=== Begin Enclosure ===
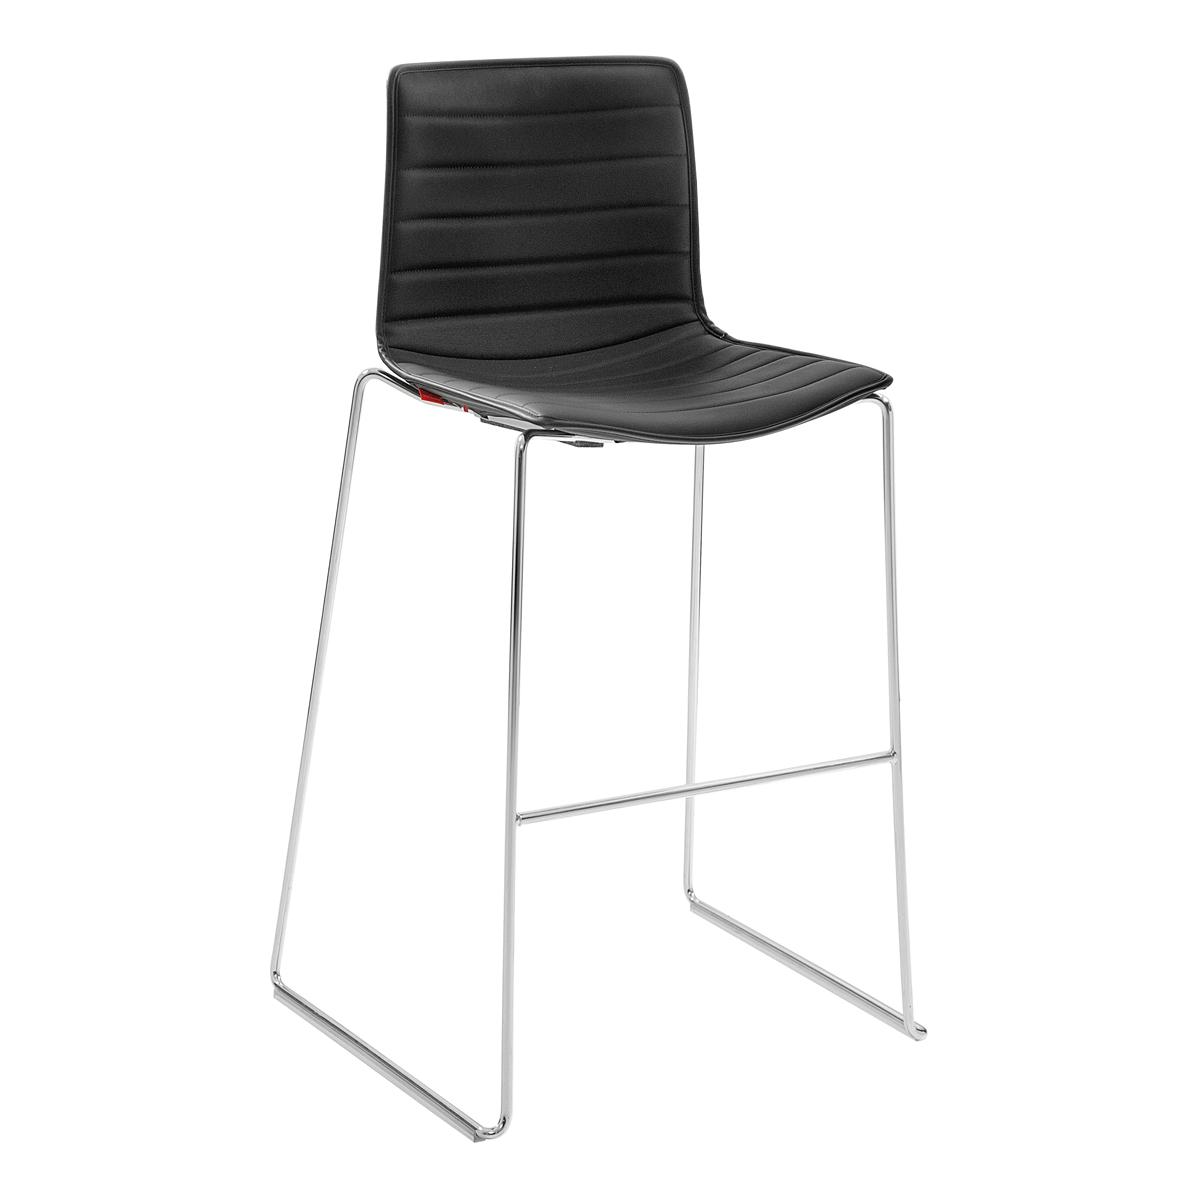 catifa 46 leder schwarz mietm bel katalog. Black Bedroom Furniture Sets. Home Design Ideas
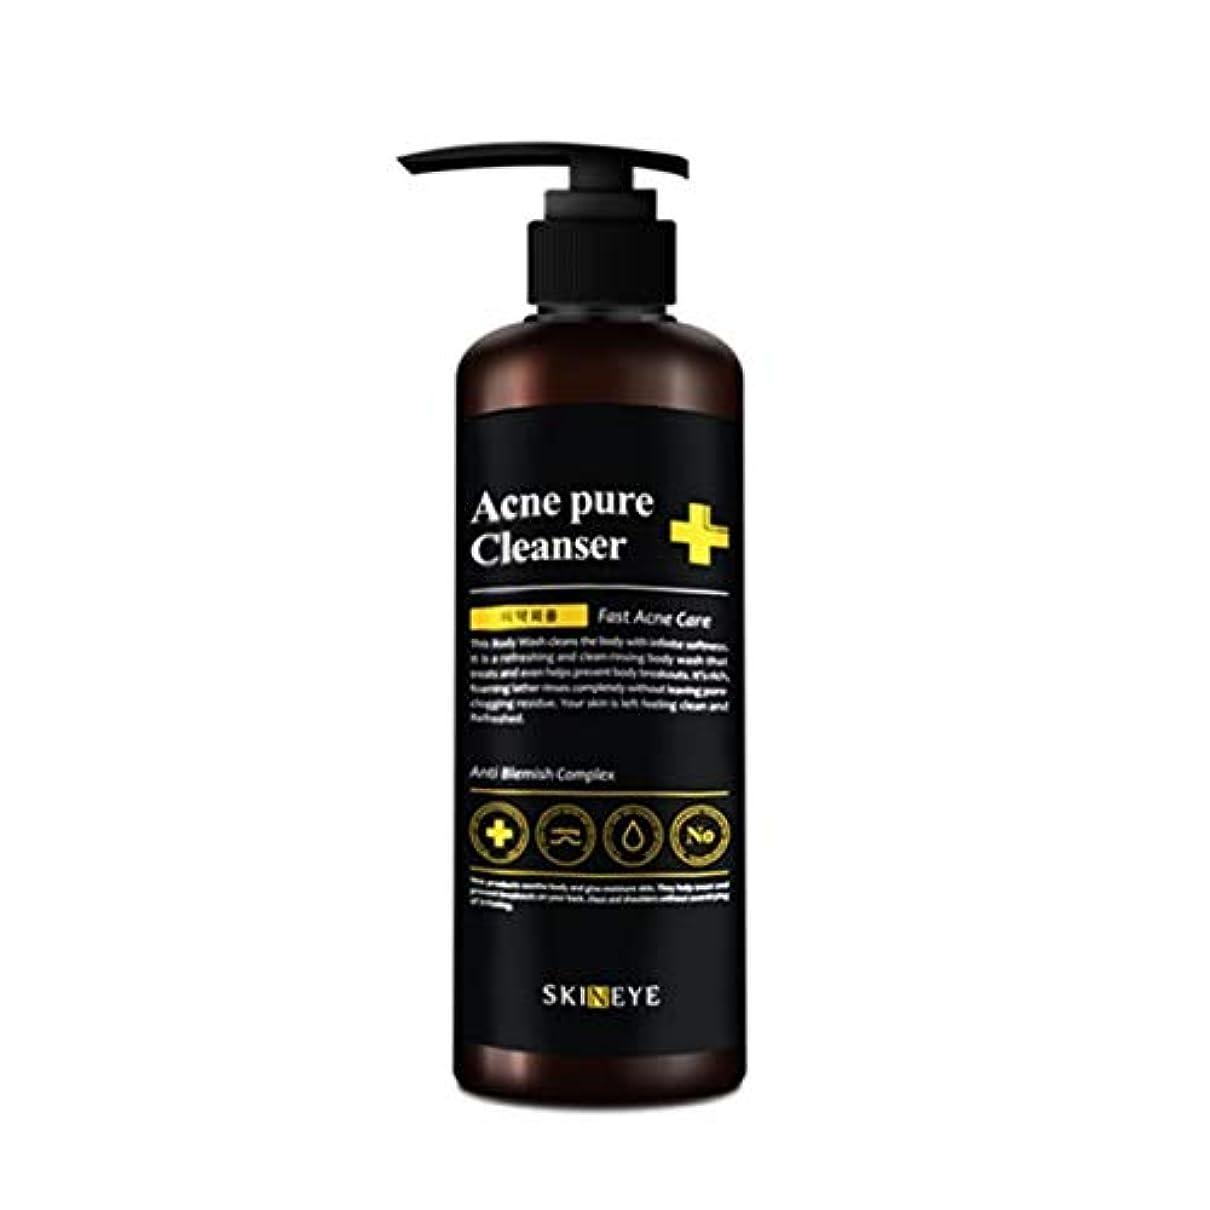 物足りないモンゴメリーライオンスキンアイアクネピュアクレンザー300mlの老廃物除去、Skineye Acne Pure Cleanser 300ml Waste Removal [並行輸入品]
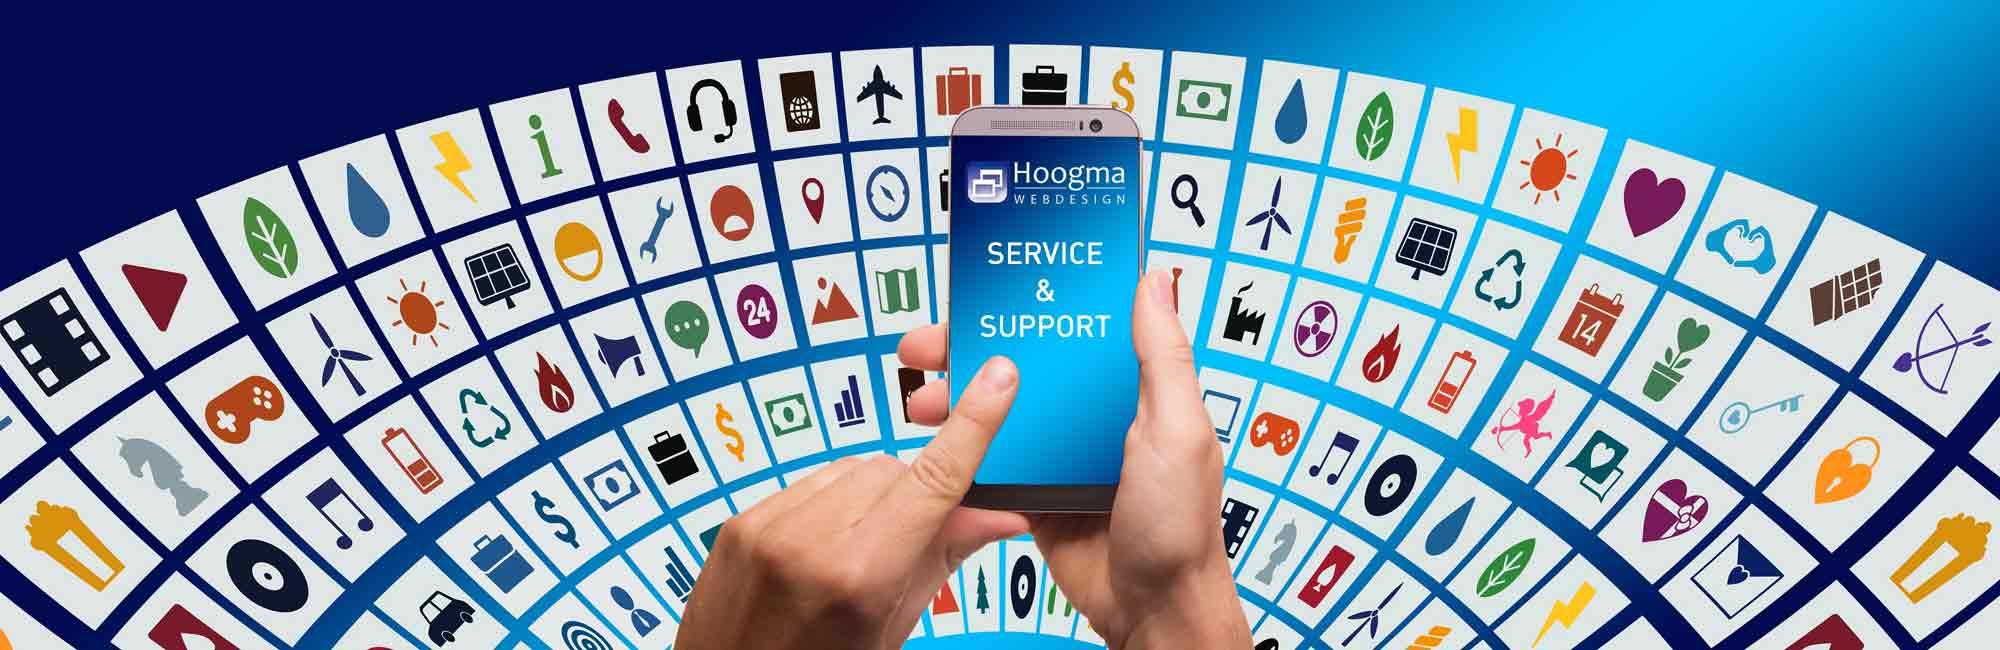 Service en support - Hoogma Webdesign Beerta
=== End Enclosure ===
Exercise aim. Your answer should consist solely of the lines from the one holding "物足りないモンゴメリーライオンスキンアイアクネピュアクレンザー300mlの老廃物除去、Skineye Acne Pure" through the end of the listing, reproduced exactly and without pictures.

Finished exercise.
 物足りないモンゴメリーライオンスキンアイアクネピュアクレンザー300mlの老廃物除去、Skineye Acne Pure Cleanser 300ml Waste Removal [並行輸入品]
 Service en support - Hoogma Webdesign Beerta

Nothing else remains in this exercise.